Search code examples
pythonnumpymultidimensional-arrayarray-broadcasting

NumPy ndarray broadcasting - shape (X,) vs (X, 1) to operate with (X,Y)


I have a NumPy ndarray which is shaped (32, 1024) and holds 32 signal measurements which I would like to combine into a single 1024 element long array, with a different weight for each of the 32. I was using numpy.average but my weights are complex and average performs a normalisation of the weights based on the sum which throws off my results.

Looking at the code for average I realised that I can accomplish the same thing by multiplying the weights by the signal array and then summing over the first axis. However when I try and multiply my (32,) weights array by the (32, 1024) signal array I get a dimension mismatch as the (32,) cannot be broadcast to (32, 1024).

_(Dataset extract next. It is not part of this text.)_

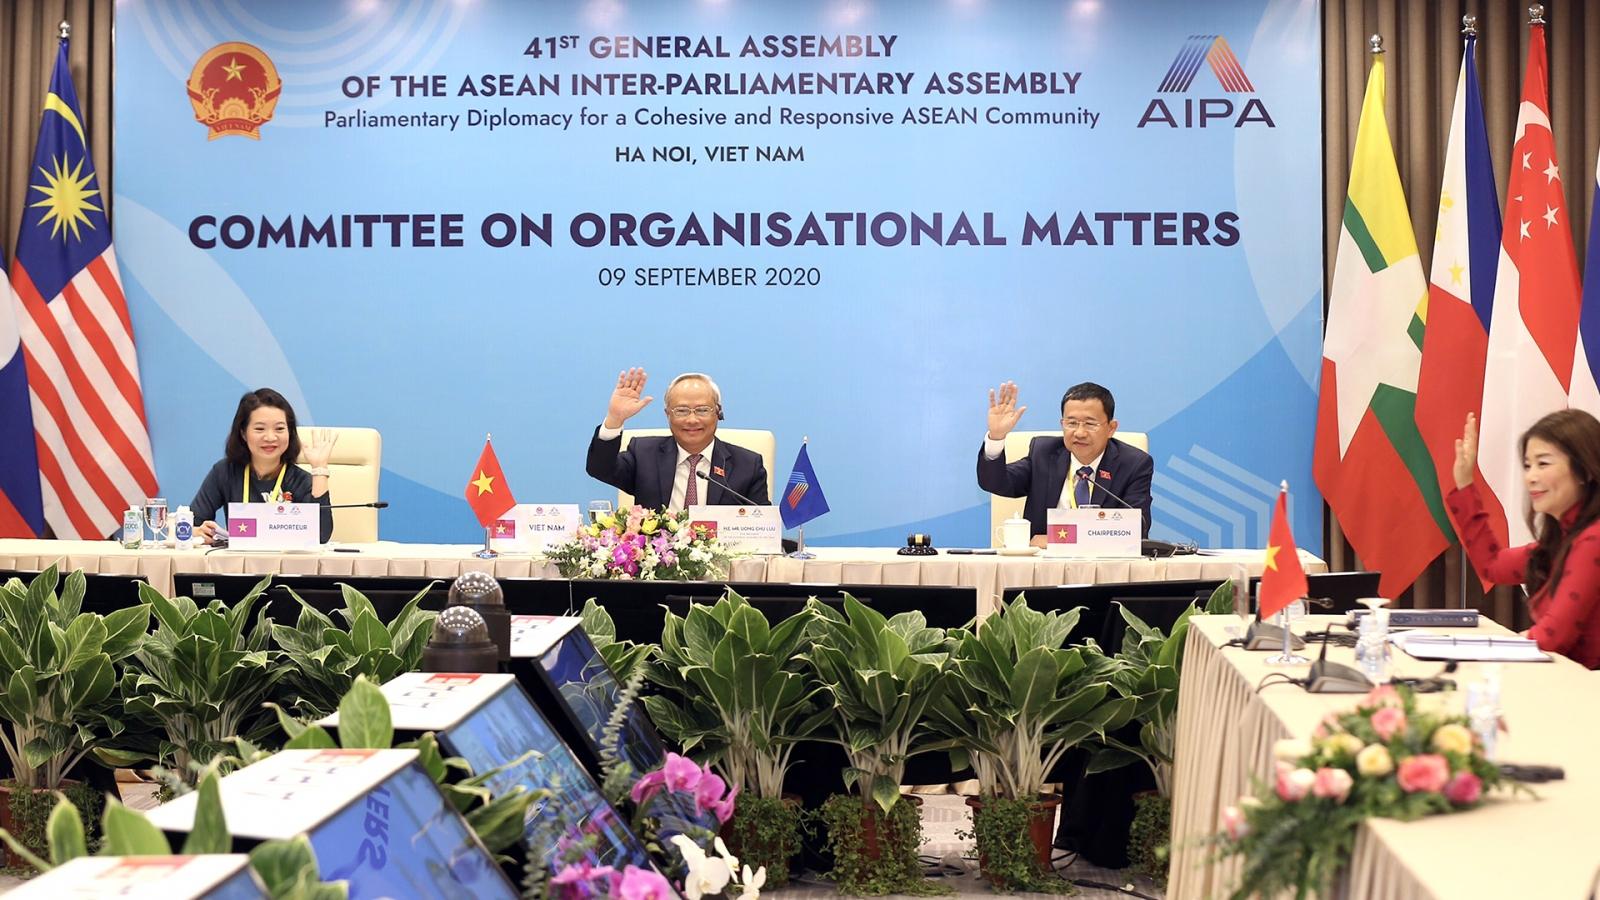 Uỷ ban về các vấn đề tổ chức ủng hộ thành lập Hội nghị Nghị sĩ trẻ AIPA
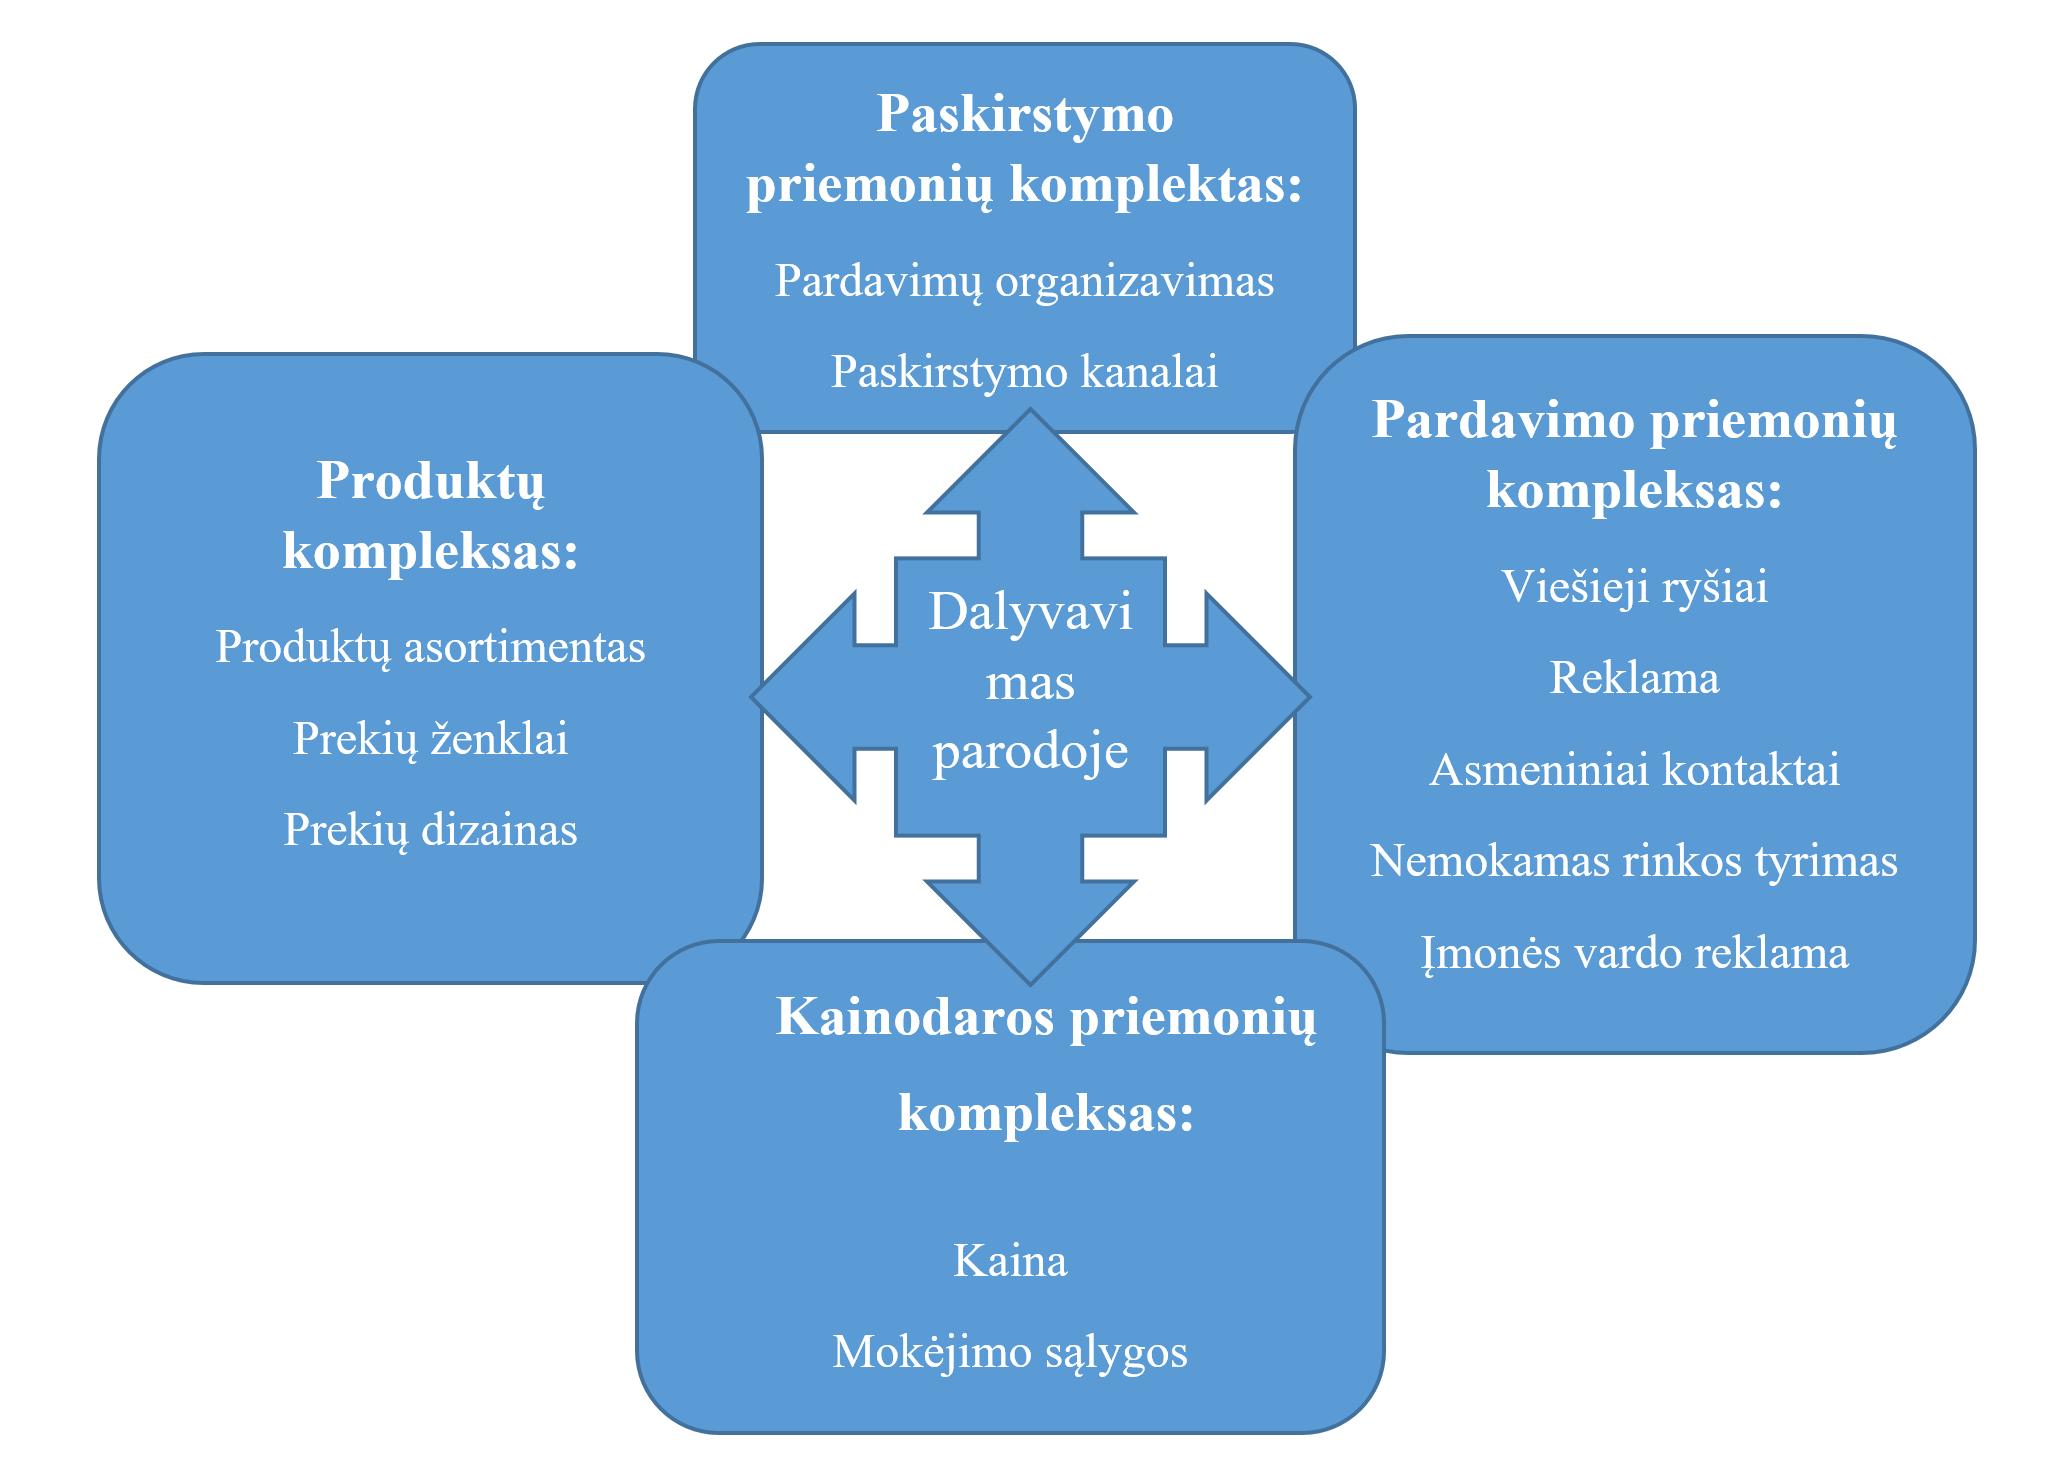 akcijų rinkodaros galimybės spi 2021 prekybos strategijos

If I reshape the weights array to (32, 1) then everything works as expected, however this results in rather ugly code:

avg = (weights.reshape((32, 1)) * data).sum(axis=0)

Can anybody explain why NumPy will not allow my (32,) array to broadcast to (32, 1024) and/or suggest an alternative, neater way of performing the weighted average?


Solution

  • Generic setup for alignment between (X,) and (X,Y) shaped arrays

    On the question of why (32,) can't broadcast to (32, 1024), it's because the shapes aren't aligned properly. To put it into a schematic, we have :

    weights :         32
    data    :  32 x 1024 
    

    We need to align the only axis, which is the first axis of weights aligned to the first axis of data. So, as you discovered one way is to reshape to 2D, such that we would end up with a singleton dimension as the second axis. This could be achieved by introducing a new axis with None/np.newaxis : weights[:,np.newaxis] or weights[:,None] or a simple reshape : weights.reshape(-1,1). Hence, going back to the schematic, with the modified version we would have :

    weights[:,None] :  32 x    1
    data            :  32 x 1024
    

    Now, that the shapes are aligned, we can perform any generic element-wise operation between these two with the result schematic looking like so -

    weights[:,None] :  32 x    1
    data            :  32 x 1024
    result          :  32 x 1024
    

    This would broadcast weights and the relevant element-wise operation would be performed with data resulting in result.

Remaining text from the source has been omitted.